Learning better: the case against cramming
We are in the thick of exam season right now – GCSEs to be exact – and you can feel the worry simmering away in schools and libraries all around the UK. As an exam suddenly looms near, it’s only natural to think “Right, time to cram”. We’ve all done it: stayed up late the night before to go through the final chapters of a textbook, or woken up before the sun to memorise some final Shakespeare quotes. Those few hours before a paper are usually viewed as absolutely crucial – just ask any student who is hurriedly reading flashcards on the bus to the exam hall.
But why did we put ourselves through all that? And why are we standing by and letting it happen again?
This blog will argue for the case against cramming. Not only is cramming unpleasant, but a culture of cramming and last-minute revision speaks to something more worrying in our education system.
There is a special kind of panic that arises from frantically looking through revision notes right before an exam. You try and absorb any information possible, your eyes scanning the highlighted words, before you put them away and walk to your seat, only to sit down and think “Well…can’t really remember any of that”. The retention rate is low and engagement with the topic is superficial, especially if you have been staying up late the last few nights. Sleep is really key to cementing knowledge, so if you haven’t been getting enough rest in the run up to an exam, it’s likely that any last-minute revision will slip away easily.
Far more effective is when you have been learning regularly throughout the year: paying attention in class, completing homework, and then starting revision early, slow and steady, till the day comes and you can draw on your layers of knowledge to ace the exam.
The topics that we engaged with at school – To Kill a Mockingbird is often cited as a favourite – are the ones that we can speak about years later. They are the ones that will stick with us. Trying to memorise and then regurgitate two years of content might get you through an exam, but it won’t leave you with much once the exam is done. A culture of cramming – where students are constantly falling back on last-minute revision, and are even encouraged to do so – is indicative of how we think of education.

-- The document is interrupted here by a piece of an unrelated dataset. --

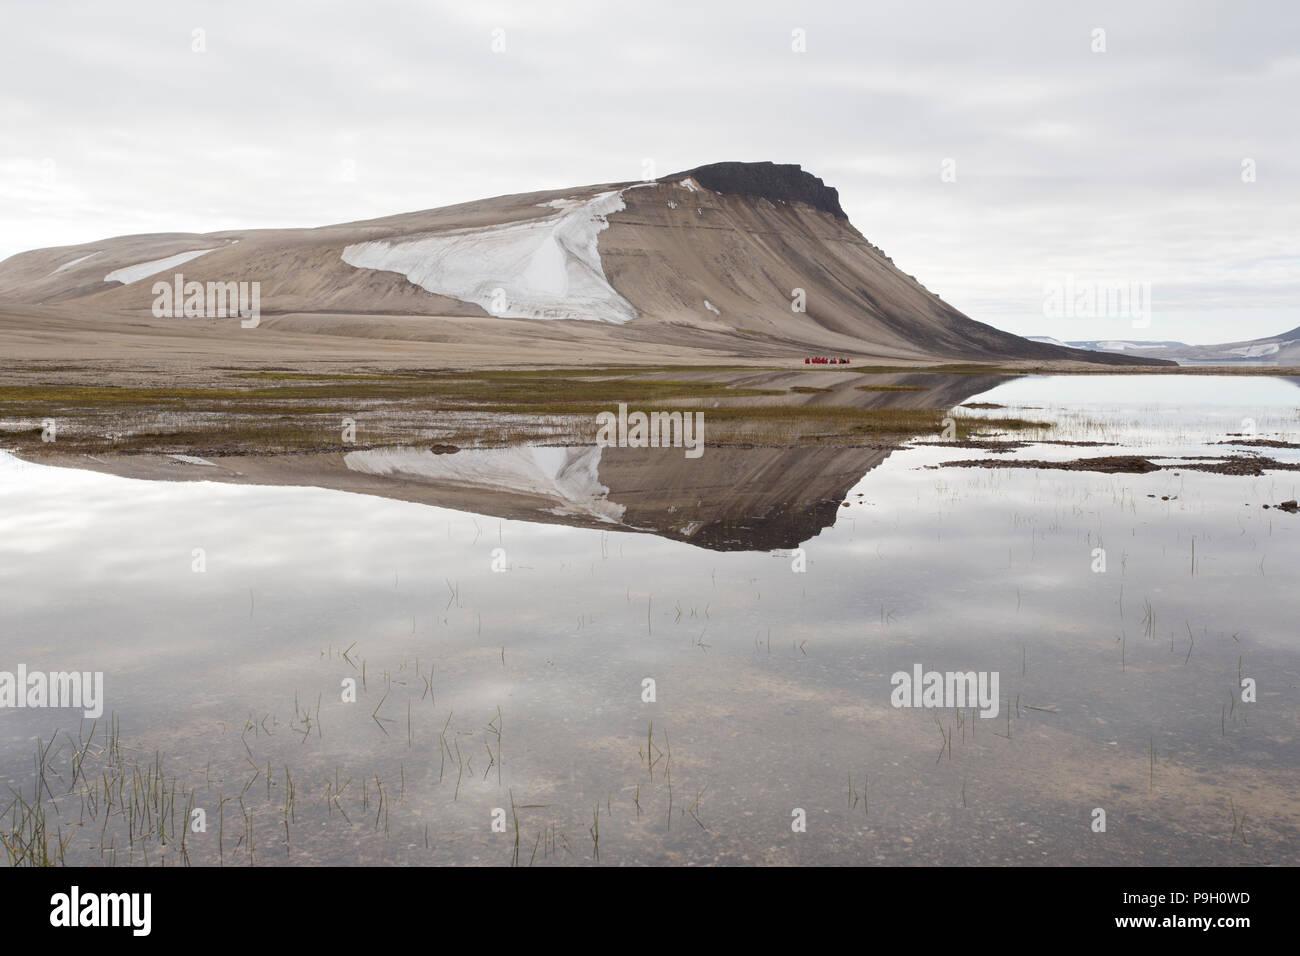 A Polar Desert. Zeipelodden, Svalbard - Stock Image

School stops being about learning, and is instead about passing an exam – a box ticking exercise. This is hugely reductive and limiting.
Education equips us with the skills – both academic, emotional and social – to thrive in the world and contribute something positive. It builds our curiosity, our critical thinking and our questioning. Last minute revision undoes all this, and shifts the focus from out-of-the-box thinking to jumping through the hoops for an exam. We should be inspired to think creatively and make connections between subjects and themes that haven’t been thought of before. Being spoon-fed information that is then desperately memorised before an exam may be conducive to passing, but it’s not conducive to learning.

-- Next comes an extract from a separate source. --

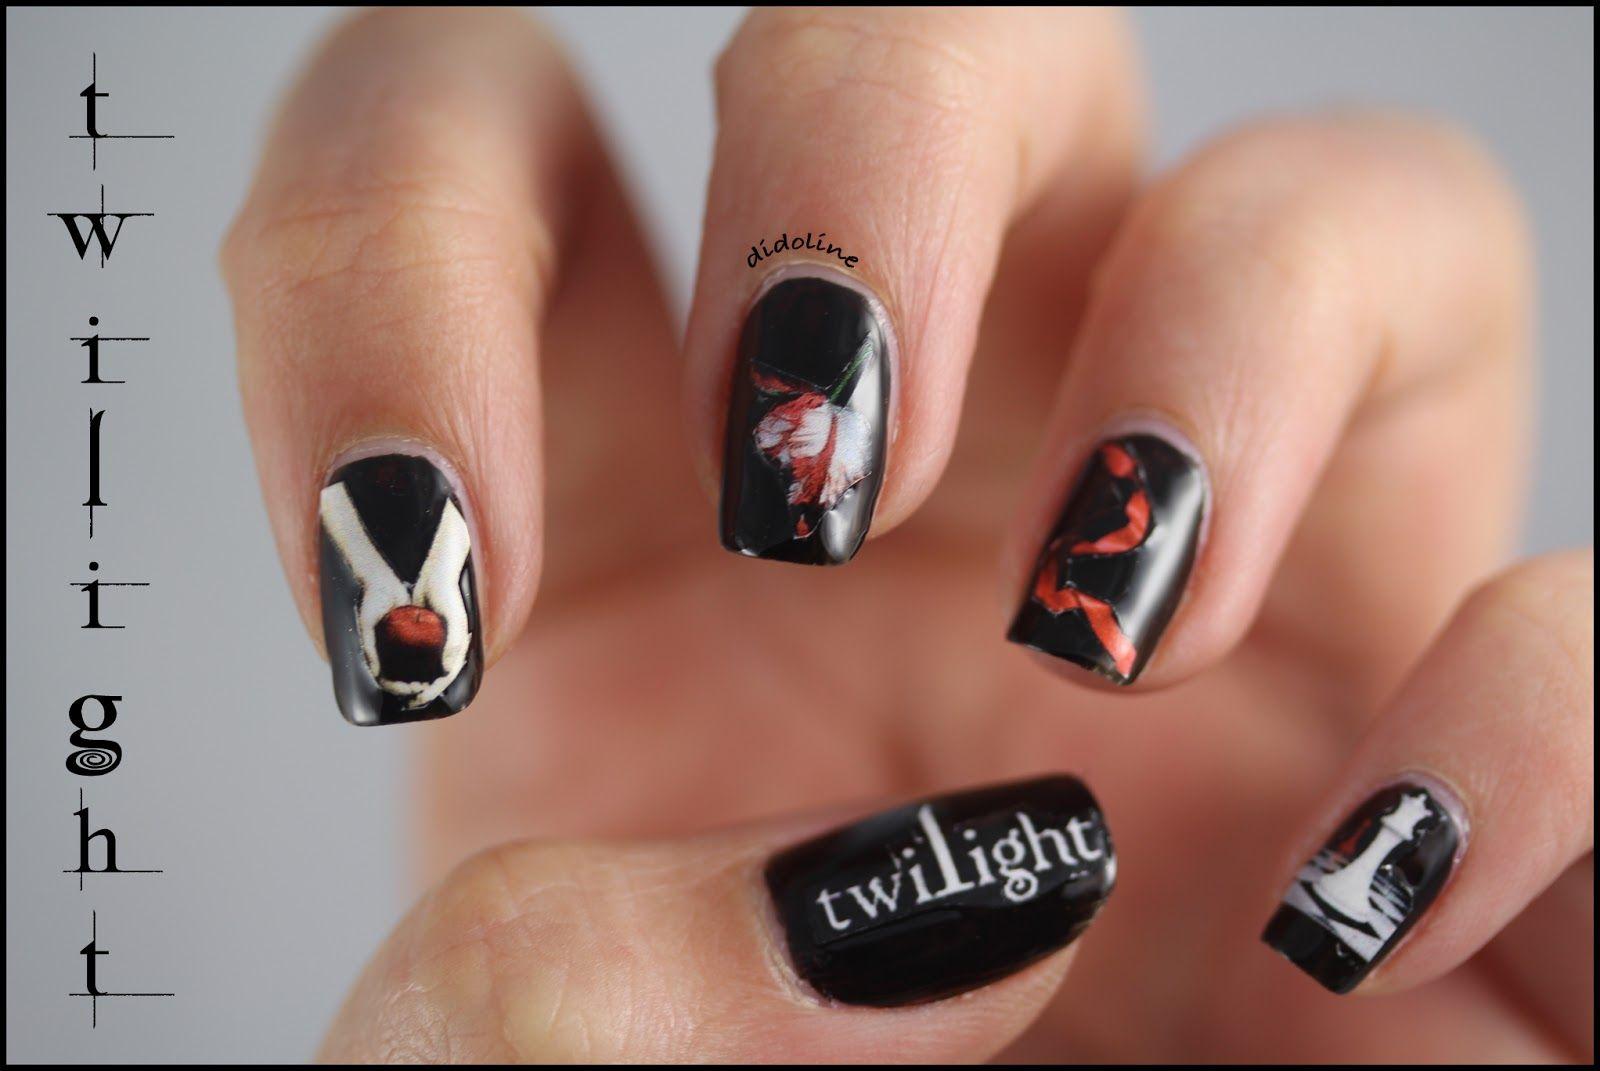 Twilight Nail Nails Nailart Nails Pinterest Nail Nail And

We should step away from a culture of cramming and try and recentre what education means to us. But in the short-term, and especially if you are a student, there are some simple methods that can help you learn better.

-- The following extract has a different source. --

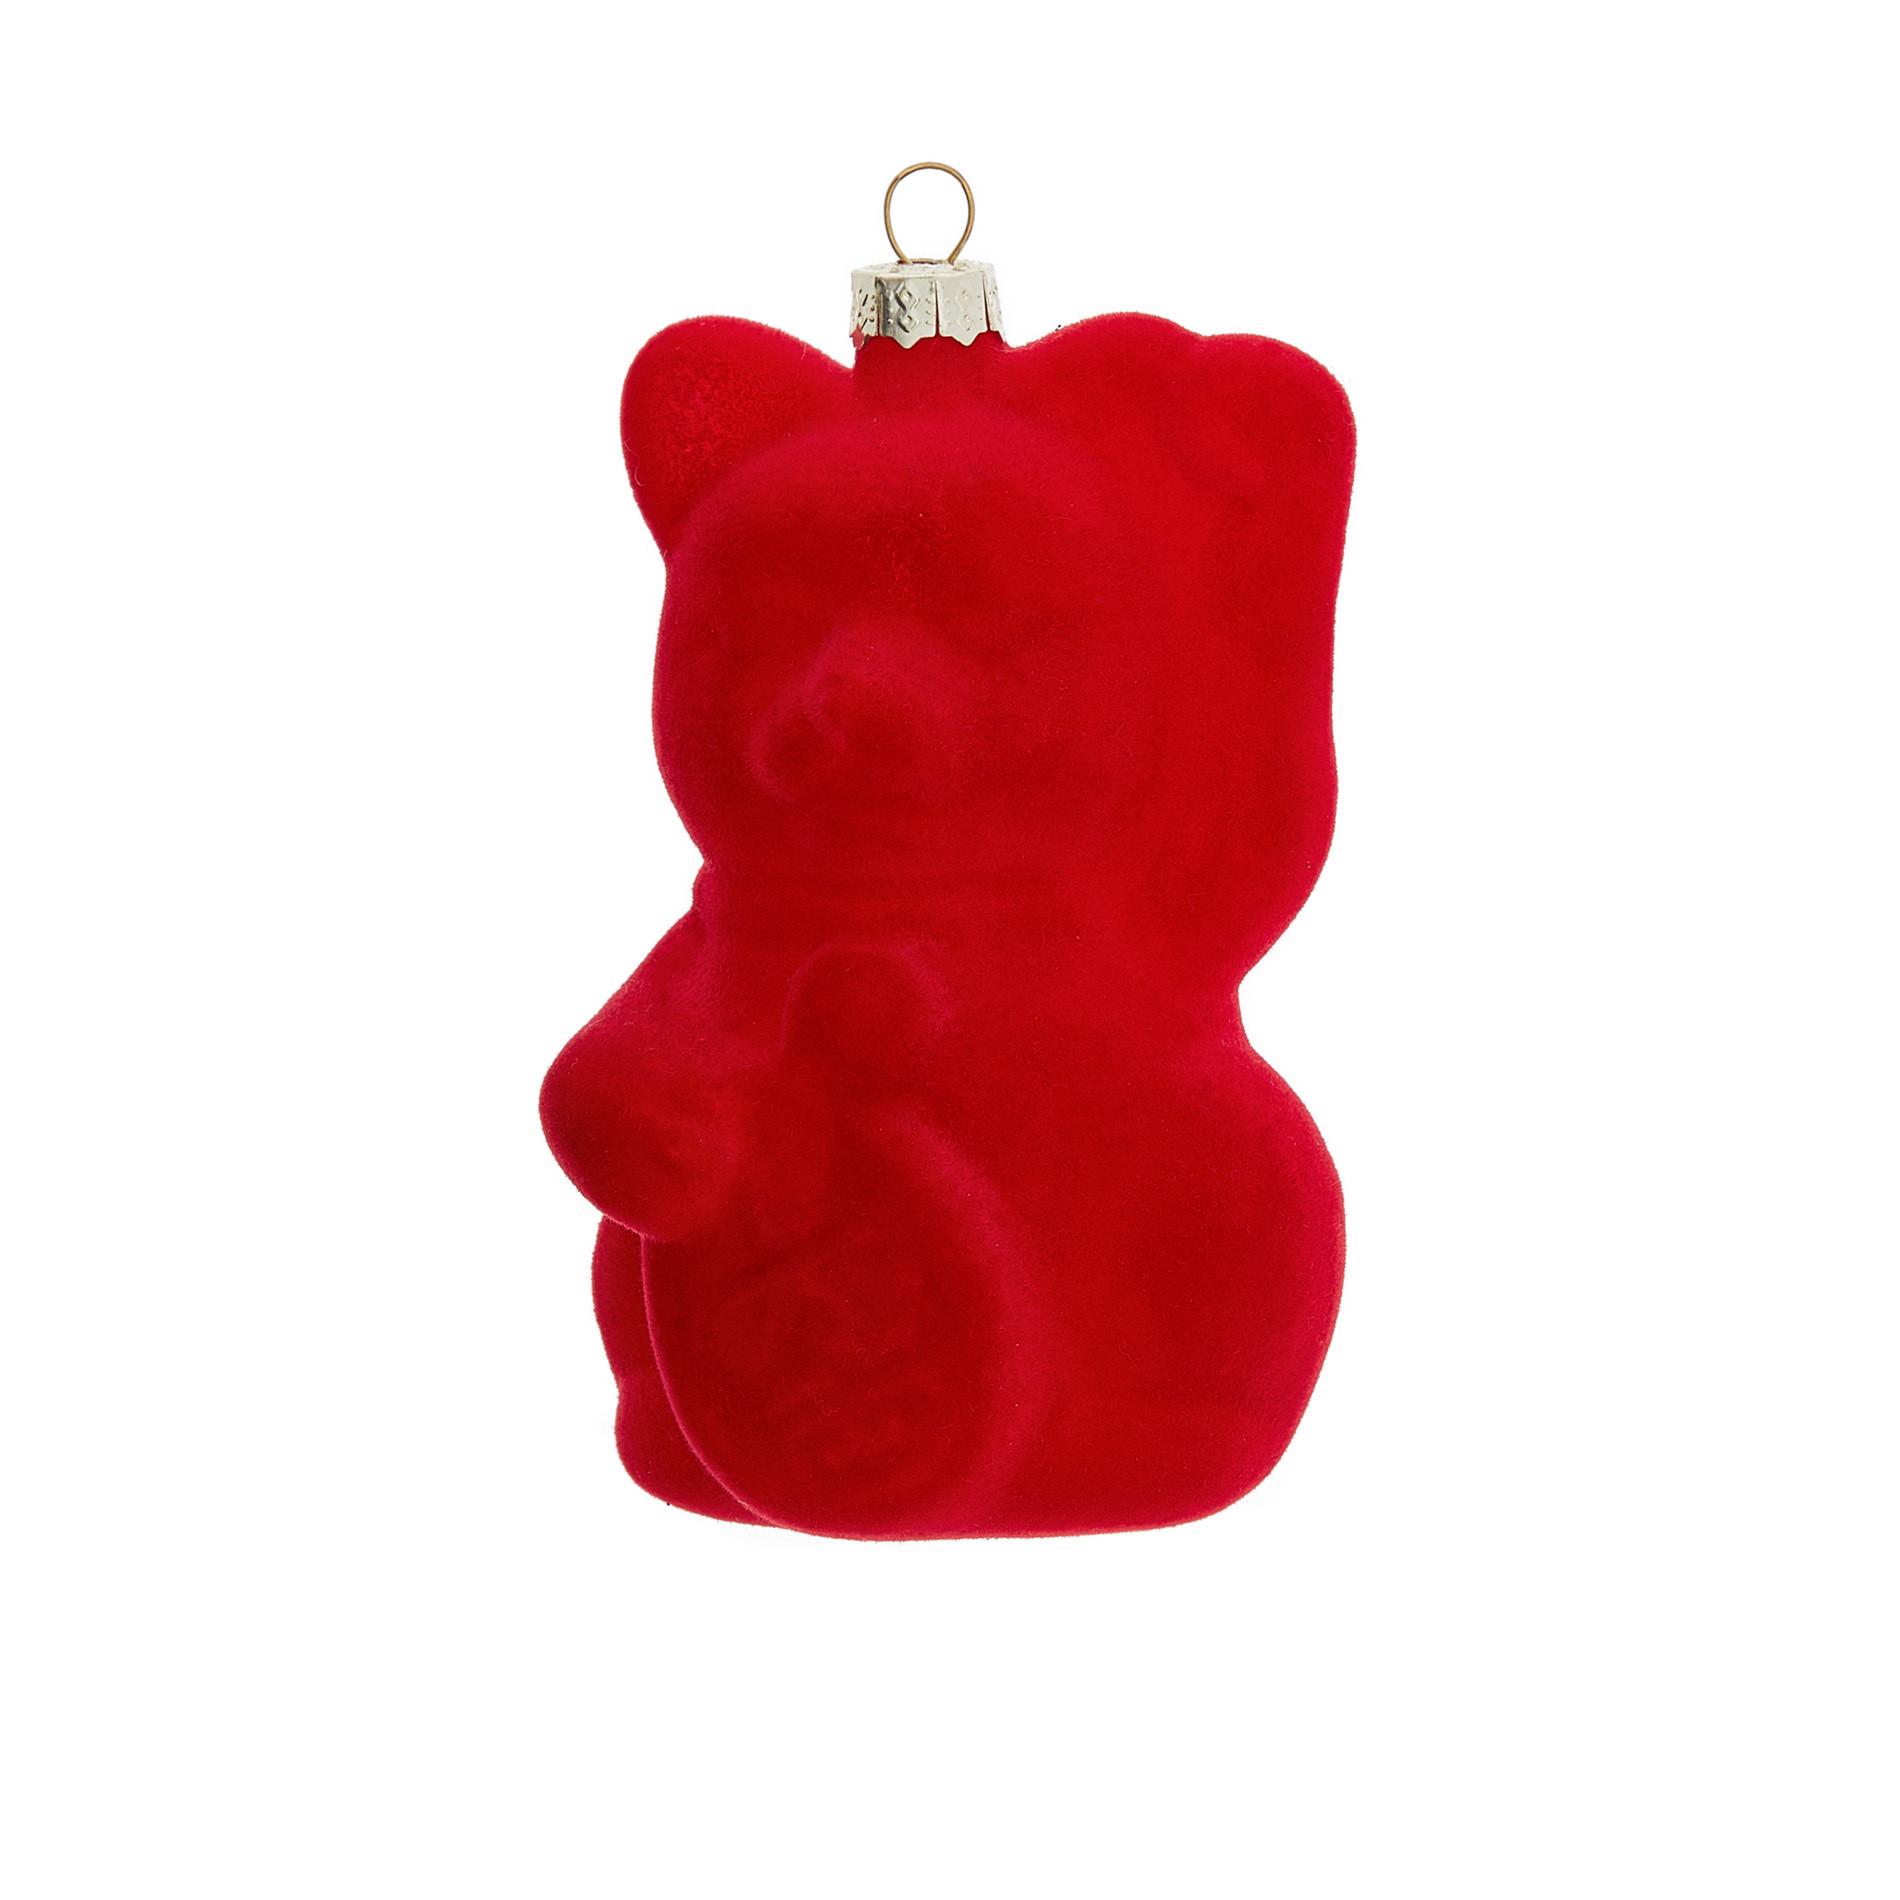 Addobbo gatto decorato a mano, Rosso, large image number 0

AT CENTURY, we are big believers in learning better and learning steadily; embedding robust learning rather than stuffing your brain with facts for short term retrieval. We rely on neuroscience, not pseudoscience, and these are our main principles for becoming a better learner:
Interleaving: rather than studying one subject for a whole day, study multiple topics (English, then Geography, then English again, then Spanish). This pushes the brain to make unique connections between topics and to effortfully remember different subjects, which deepens long-term memory retention.
Test yourself: this reviews the topic and practises your memory recall abilities, which will be very useful during the exam.
Start early, study slowly: easier said than done, but doing a chunk of structured revision and then doing something different, like playing football or going to the cinema, will be more effective and enjoyable than “Today, I will do as much as I can…oh gosh, it’s 11pm and my exam is in two days and I can’t tell you where the time has gone”
The value of learning in a better way doesn’t end after A-levels or even after university. We live in a world which is changing so rapidly that being able to understand, critique and remember new information is increasingly important. And honestly, anything is more fun than those awful panicky hours before a exam.